Every line that holds the word "with" needs to be copied from the data below.

*** Opening of PROVIDED DATA ***

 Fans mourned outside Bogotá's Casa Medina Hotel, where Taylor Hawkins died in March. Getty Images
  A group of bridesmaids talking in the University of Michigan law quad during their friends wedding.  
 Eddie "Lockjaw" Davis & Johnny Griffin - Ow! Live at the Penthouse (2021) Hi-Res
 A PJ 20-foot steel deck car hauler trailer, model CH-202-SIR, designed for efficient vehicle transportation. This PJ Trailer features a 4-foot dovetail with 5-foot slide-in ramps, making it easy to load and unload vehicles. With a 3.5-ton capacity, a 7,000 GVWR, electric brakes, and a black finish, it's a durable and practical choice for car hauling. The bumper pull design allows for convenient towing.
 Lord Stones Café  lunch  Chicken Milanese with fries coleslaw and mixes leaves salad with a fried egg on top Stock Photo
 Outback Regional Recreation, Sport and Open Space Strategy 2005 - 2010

*** Close of PROVIDED DATA ***

■ **SOLUTION TO THIS TASK**:
 A PJ 20-foot steel deck car hauler trailer, model CH-202-SIR, designed for efficient vehicle transportation. This PJ Trailer features a 4-foot dovetail with 5-foot slide-in ramps, making it easy to load and unload vehicles. With a 3.5-ton capacity, a 7,000 GVWR, electric brakes, and a black finish, it's a durable and practical choice for car hauling. The bumper pull design allows for convenient towing.
 Lord Stones Café  lunch  Chicken Milanese with fries coleslaw and mixes leaves salad with a fried egg on top Stock Photo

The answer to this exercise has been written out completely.